Regarding the vacant automaton countenance of culties and not recognizing it unless you've seen it: one thing I absolutely loved about the opera "Faust" in San Fran about 15 years ago (besides the great and devilishly charming Samuel Ramey as the devil) was one moment toward the end when these devout christians stand up to the devil: they are all in a line, dressed similarly in white and look pale and are unmoving (looking vacant and as if programmed) and chanting. Well let me tell you, in the audience *I* cowered and shivered at them as much as Mephitsopheles. I really felt a fondness for whomever directed that production for presenting the devout robots in that way.

Oh, and yeah: that's the thing that probably bothers me most about Sacto: people here just don't "get it." Yes, here too most people are just so literal and don't get wry references or irony or sardonic humor. They think you're just being rude or weird or retarded. But in fact, they just come across as empty as the culties in the Nebraska Hy-Vee parking lot.

Goody said...

Speaking of Faust...

L. had this brilliant idea for a comedy website that would parody "DealHack.com"

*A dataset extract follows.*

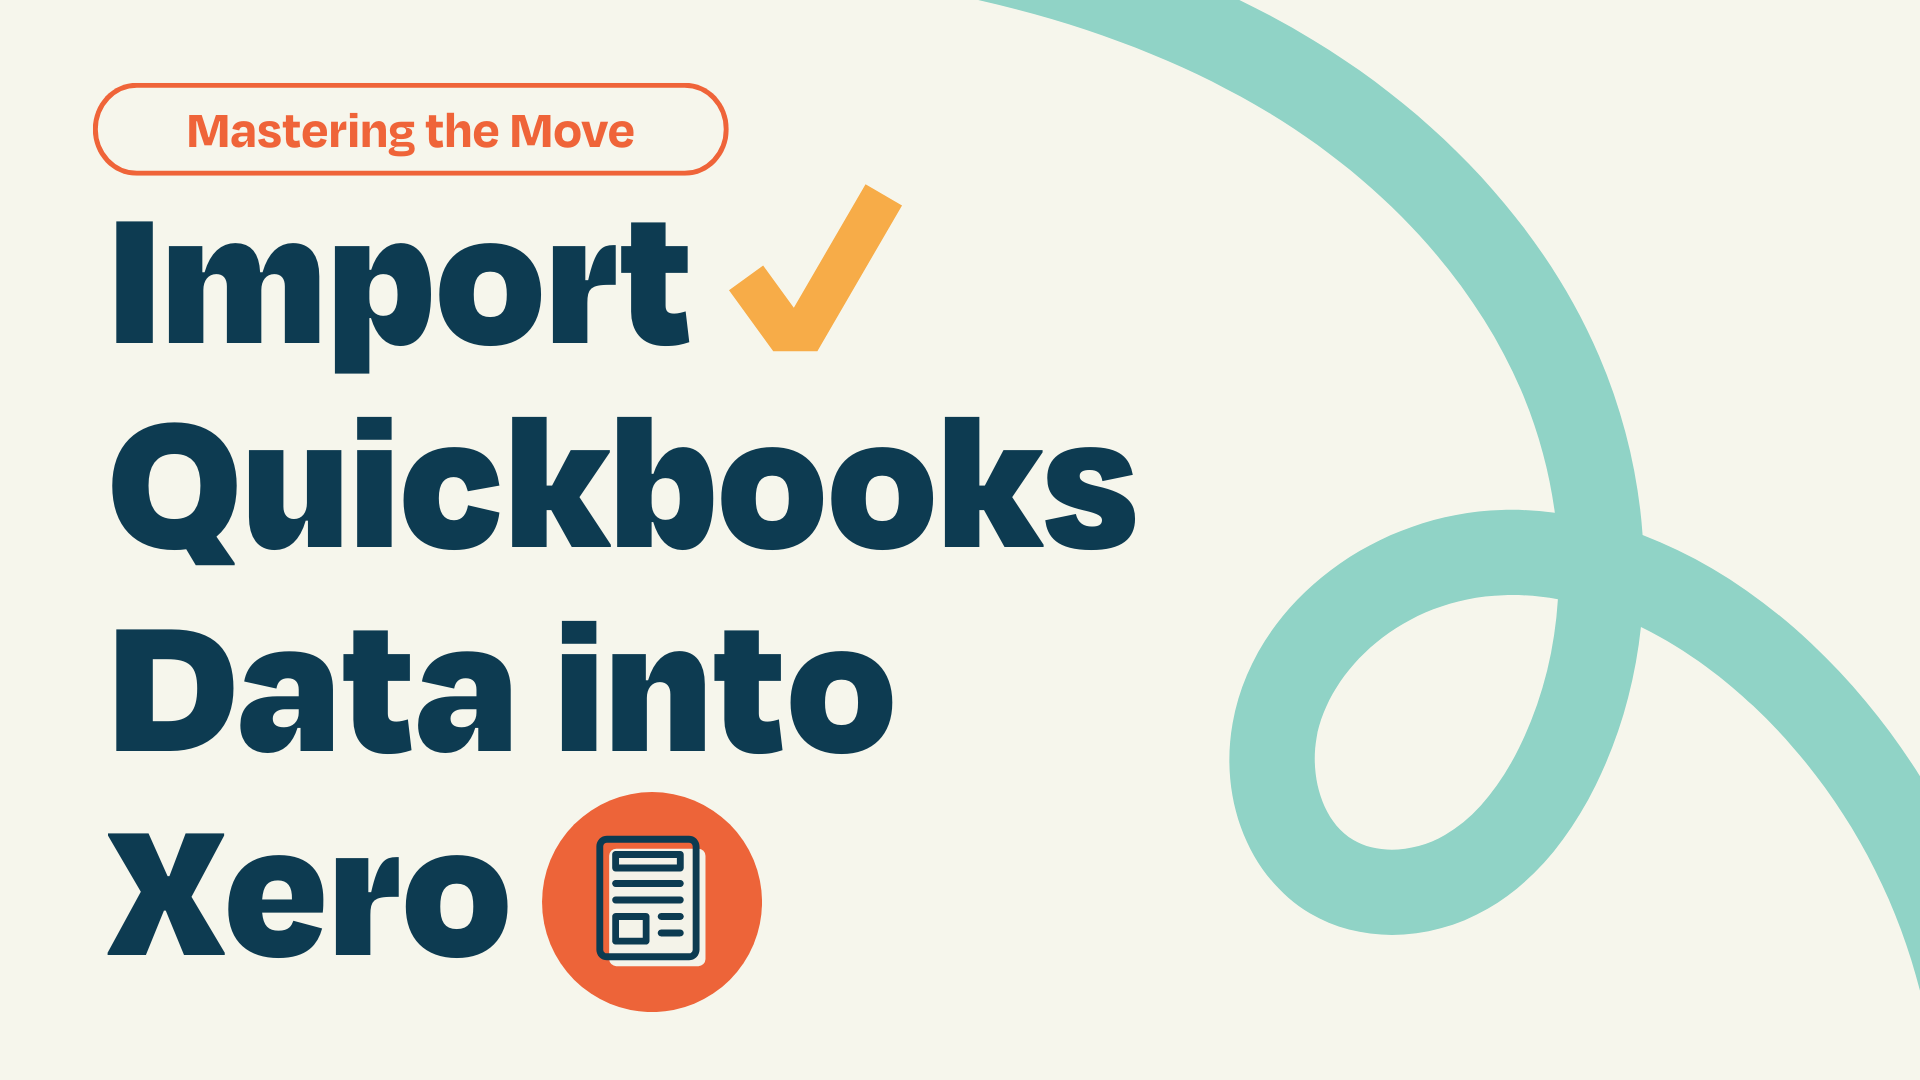 Mastering the Move: Import QuickBooks Data into Xero with Confidence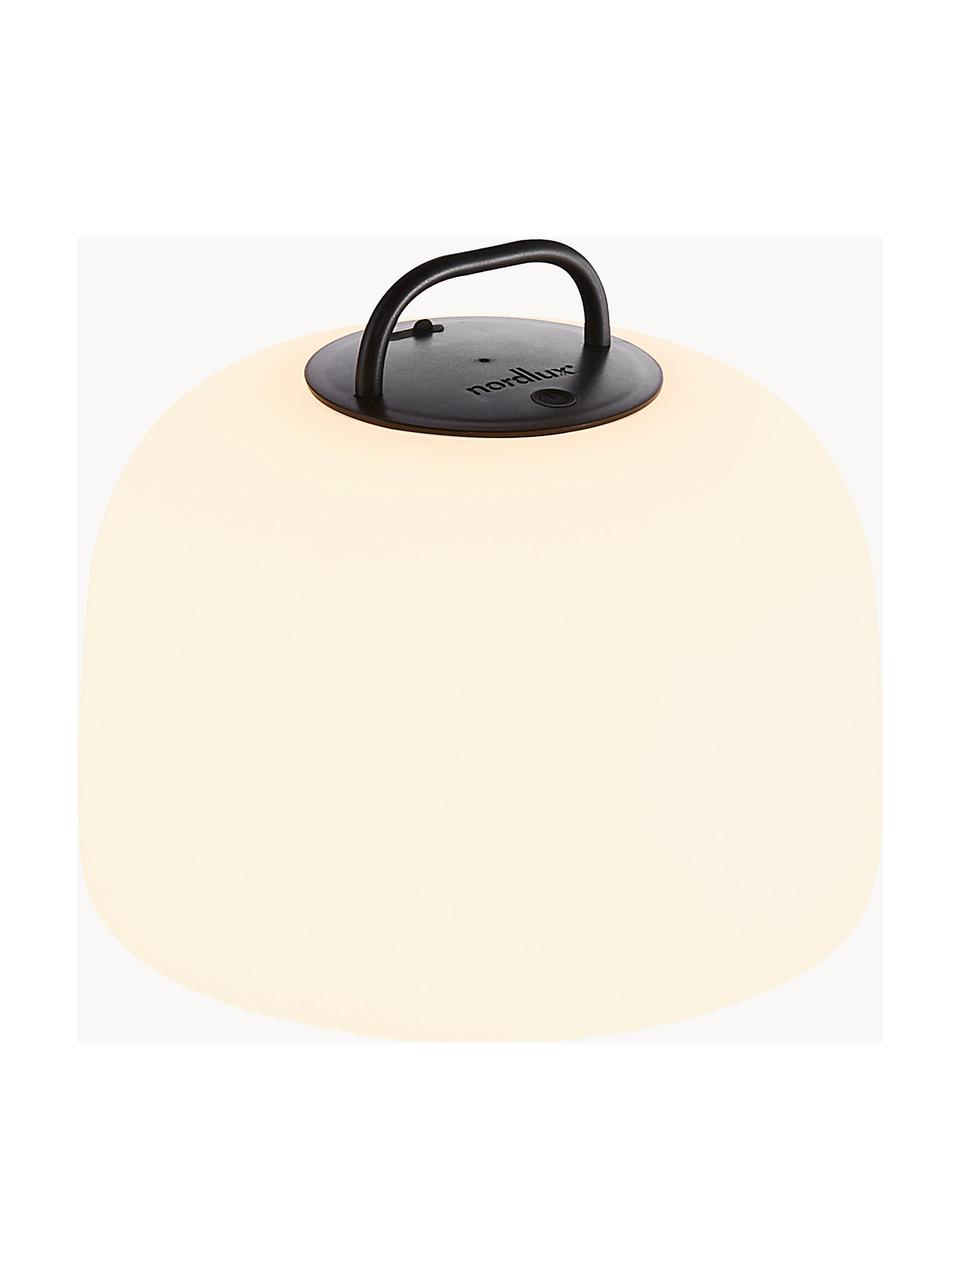 Lampada portatile per esterni a LED con luce regolabile Kettle, Lampada: plastica, Bianco crema, nero, Ø 36 x Alt. 31 cm

Instead, it would "Deal With The Devil Hack.com" where everything is always a really good bargain, but you never get what you thought you were buying.

I think it has potential.

Goody said...

Funny, we were just saying how much we would love to move away, but after a week in someplace like San Francisco, I would probably want to kill people because they would be even more irritating.I mean, you remember Margaret. I couldn't live in a town full of Margarets, you know? I'll take the humourless Nebraskans any day.

Raymond said...

a friend of mine in San Fran back in the day, from NY orig'ly, was astounded at the ubiquity of moral indignation as a means of stating the PC agenda. He found it in social interactions and in art and it irritated the hell out of him. "Good art is not simply expressing moral indignation." But that's how it is in San Fran. Buncha whiners who support each other when any of them whines, by activism or art, about something "incorrect." Such whining is also a way to get yourself considered "intelligent."

Goody said...

Or Cambridge.

Yeah, I should just pack up my shit and move to Canada. Maybe Jenn will let me live in her yard.

Raymond said...

I've had that in mind lately too. Let's all go! (Or Holland, just becuz.)